— About this task —
No line before the one holding "A Bangladeshi muslim" is to be copied; that line and all after it, through the end of the listing, are returned exactly, minus pictures.

— Source data —
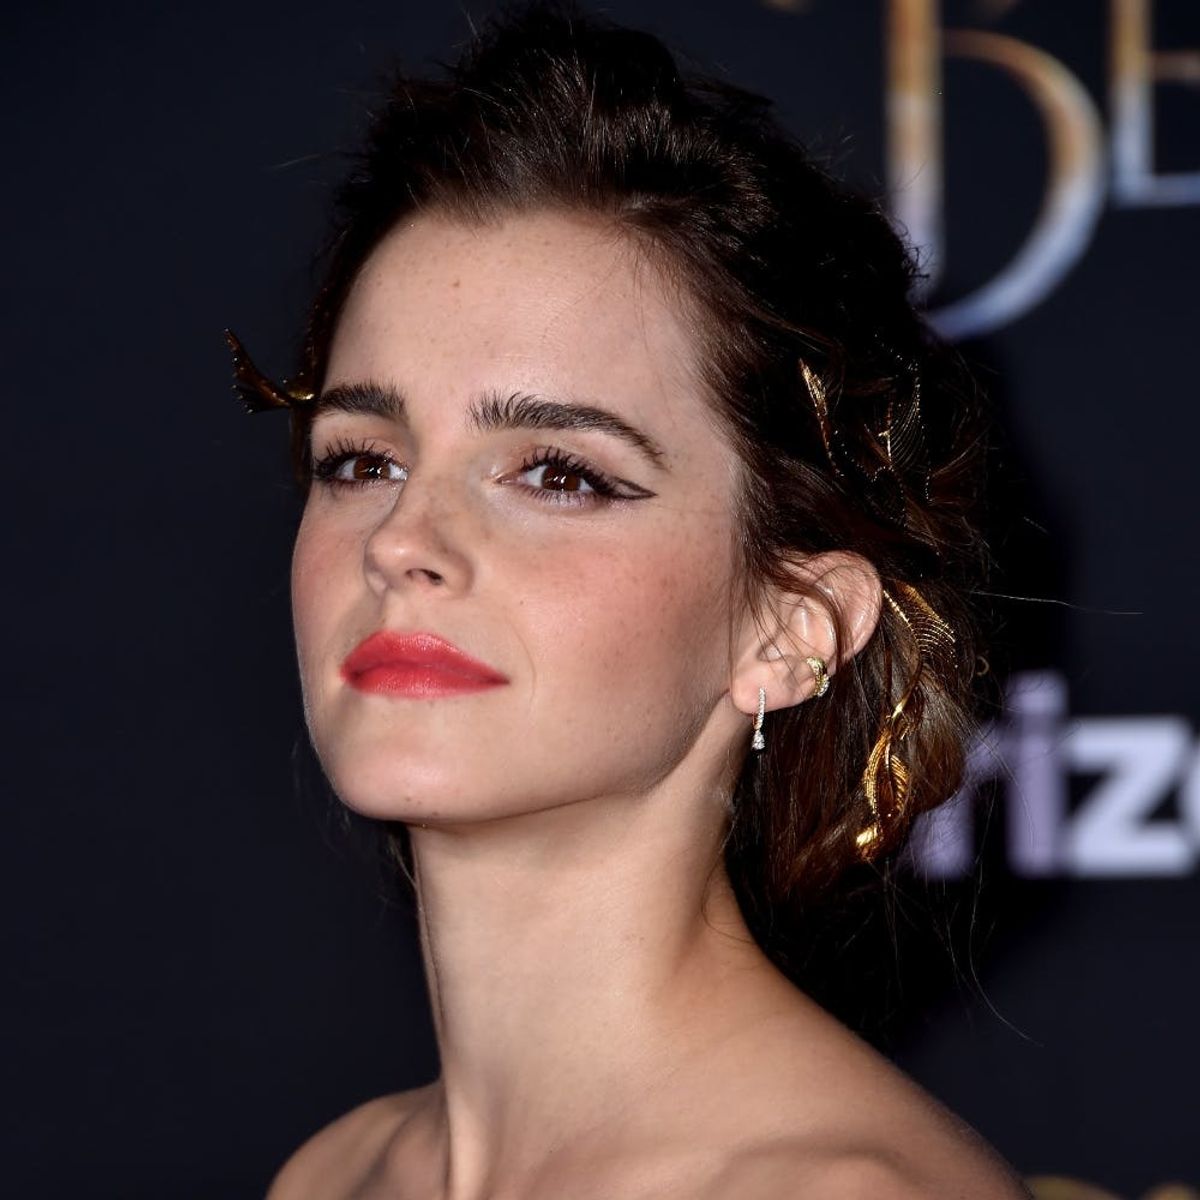 Emma Watson Says *This* Harry Potter Outtake Is Personally “Traumatic”
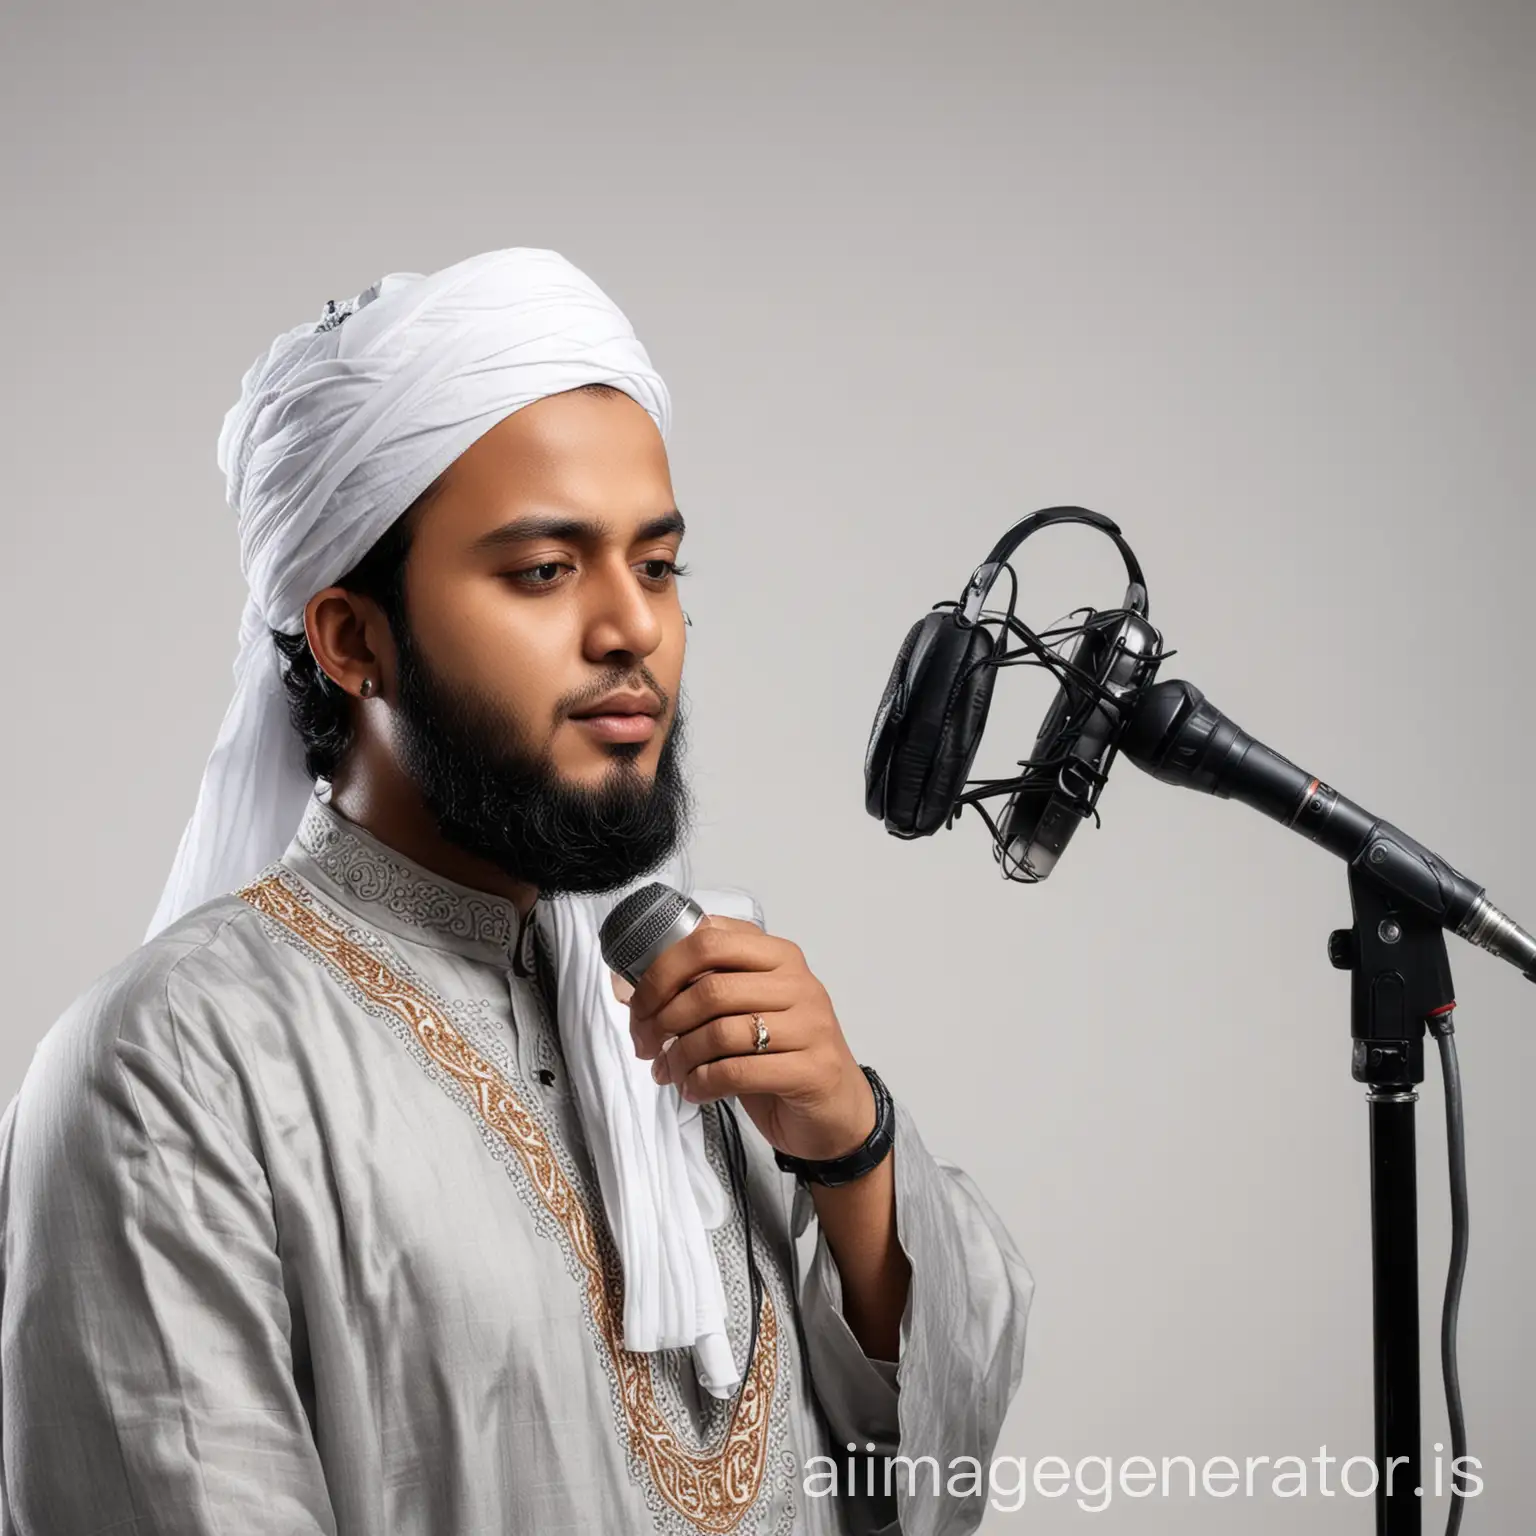 A Bangladeshi muslim singer recording his song in white background wearing a beautiful jubba. Headphone in his head and in front of a condenser microphone
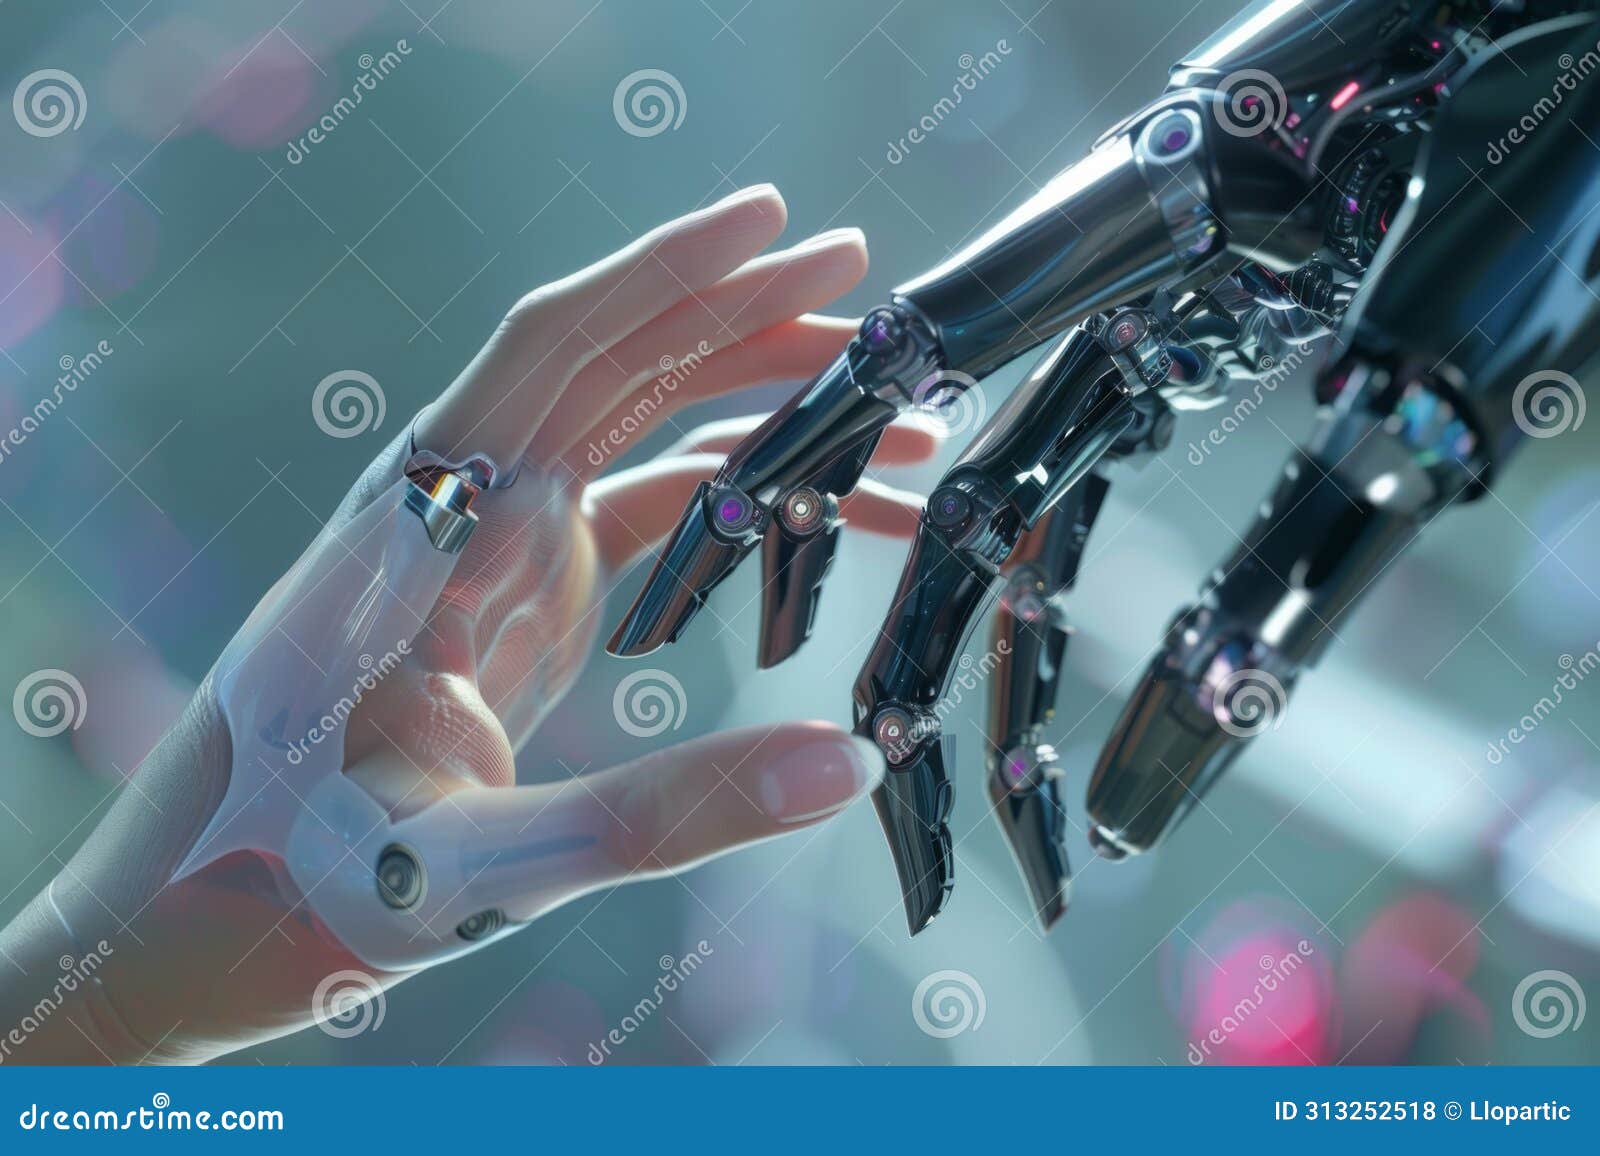 human and robot hand union: the convergence of biologies

— Response for this exercise —
 A Bangladeshi muslim singer recording his song in white background wearing a beautiful jubba. Headphone in his head and in front of a condenser microphone
 human and robot hand union: the convergence of biologies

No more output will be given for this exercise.